Plus, we still don’t know if the ACT Government will commit building a new 30,000 seater Canberra Stadium over in the Civic area that would probably be the end of GIO Stadium currently located in the Bruce region.

It’s hard to say when you look back at the club’s history but even though people here don’t like this, the merged Brumbies side will still play half of the home games in Canberra while the other half will see them play at AAMI Park in Melbourne. That way, the Brumbies will get a metro following while Canberra still retains some existence like the NSW Waratahs, Queensland Reds & Western Force as well as the other five NZ Super Rugby teams. Also, the squad would get somewhat better where only a handful of good talented players from Melbourne (Imagine Carter Gordon playing with Ryan Lonergan or Harrison Goddard at No.10) will be rewarded to play alongside most of the Canberra & Southern NSW based team-mates. Not only they can learn from these players through the senior and its academy squad, but it could also help them win more regular-season games as well as make the big Final every 1-2 years which is almost certainly a guarantee in Australian Super Rugby history. 

Aussie sports fans would love seeing this happen in the hope of winning the Super Rugby trophy that would definitely translate into Wallabies success as well as us rugby fans here and of course, Melbournians, who love seeing their favourite team and/or sport thrive at home whether if it’s AFL (Aussie Rules) or the Melbourne Storm in Rugby League (NRL).

All in all, things would be better if the Rebels and Force play either in a revived National Tier 2 comp or the Top League in Japan so that the Brumbies can continue its own identity out of just Canberra and Southern NSW & continue playing Super Rugby alongside just the NSW Waratahs & Queensland Reds. But if both options aren’t possible, then maybe the Brumbies-Rebels merger would be Rugby Australia’s last resort if they really do intend to cut a Super Rugby side. The competition right now in Melbourne is far too inferior for RA when trying to pit Rugby against other winter Football codes where most boys will want to pick up a Sherrin over a Gilbert ball as we can’t keep on being mediocre at best.

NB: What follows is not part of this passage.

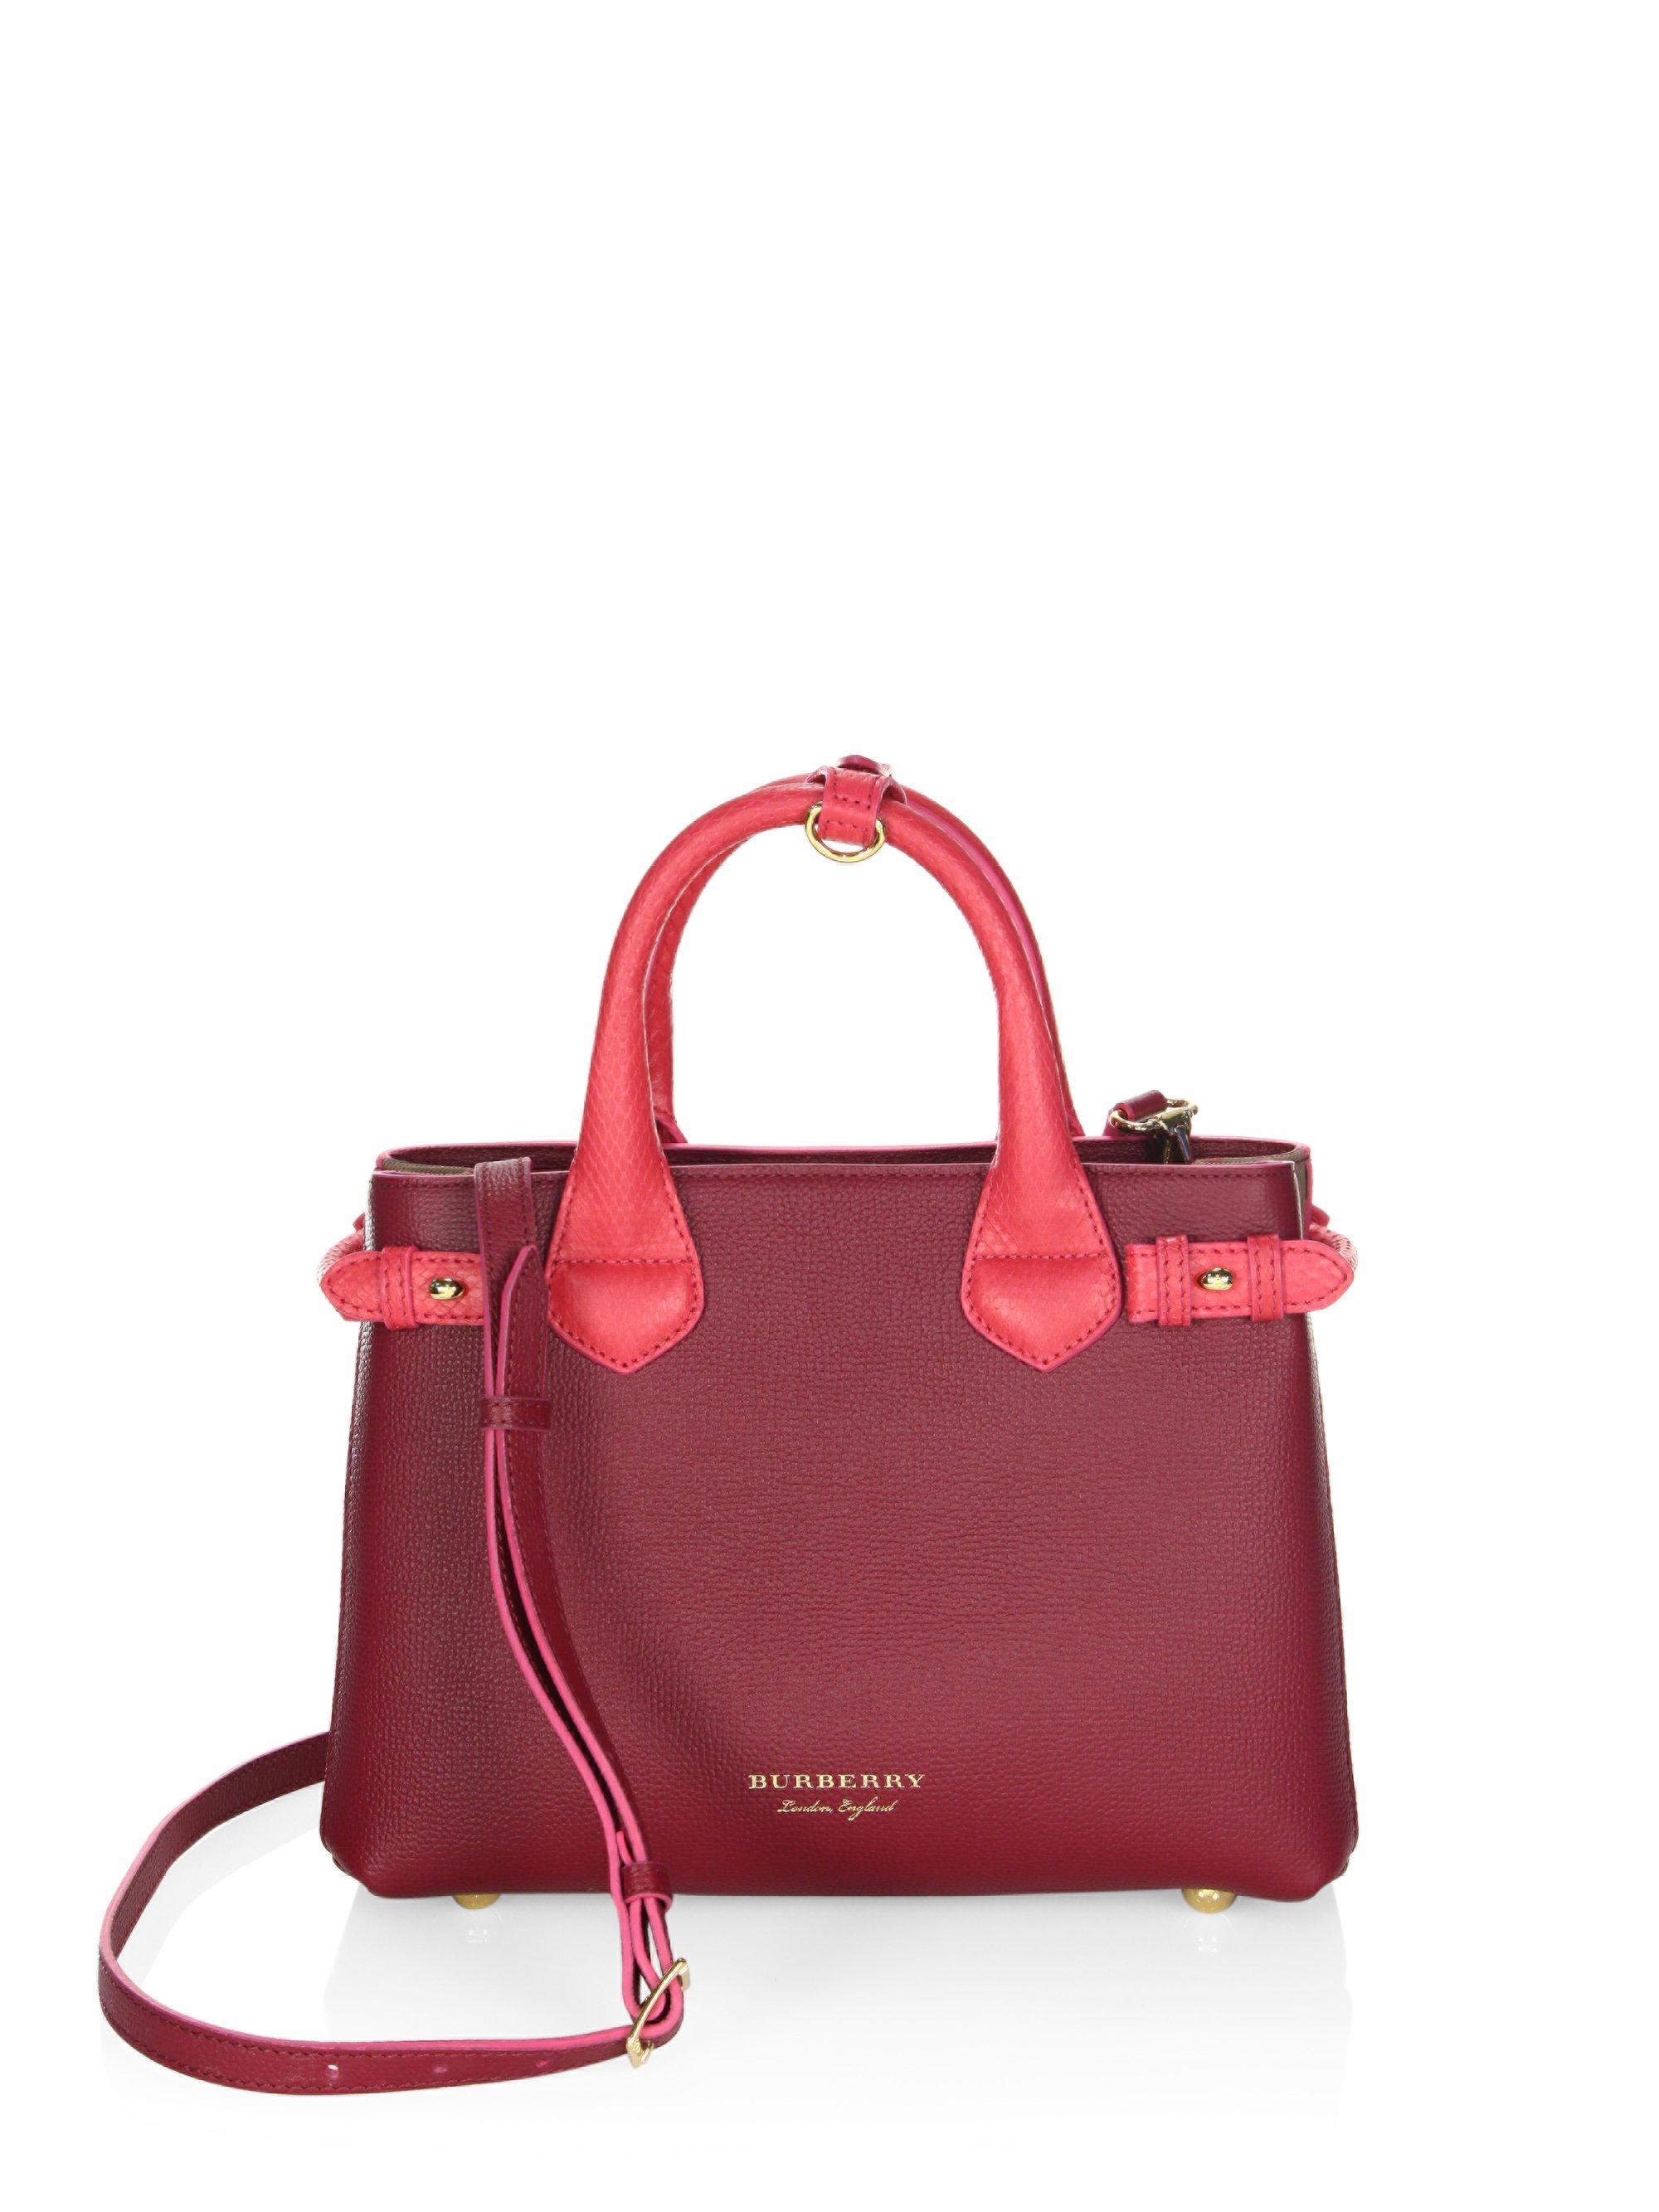 Lyst - Burberry Derby Leather Shoulder Bag in Pink 92df3c3439da8

And as said, I don’t have anything against the Western Force which doesn’t mean they shouldn’t be playing Rugby out of Perth, Western Australia. If they survive the axe, we’ll have to wait & see if they do help the Wallabies get back to their best again when it comes to on-field results but then we’ve been there twice before with four teams and it doesn’t seem to have helped the cause that much. Instead, their best bet is for them (Western Force) to play elsewhere where they either revive their own comp (Global Rapid Rugby between 2018-early 2020) or join the Japanese Top League. The level of Rugby they play as well as the same day time zone fits the Force perfectly amongst the other Japanese Top League or Asian-based teams there.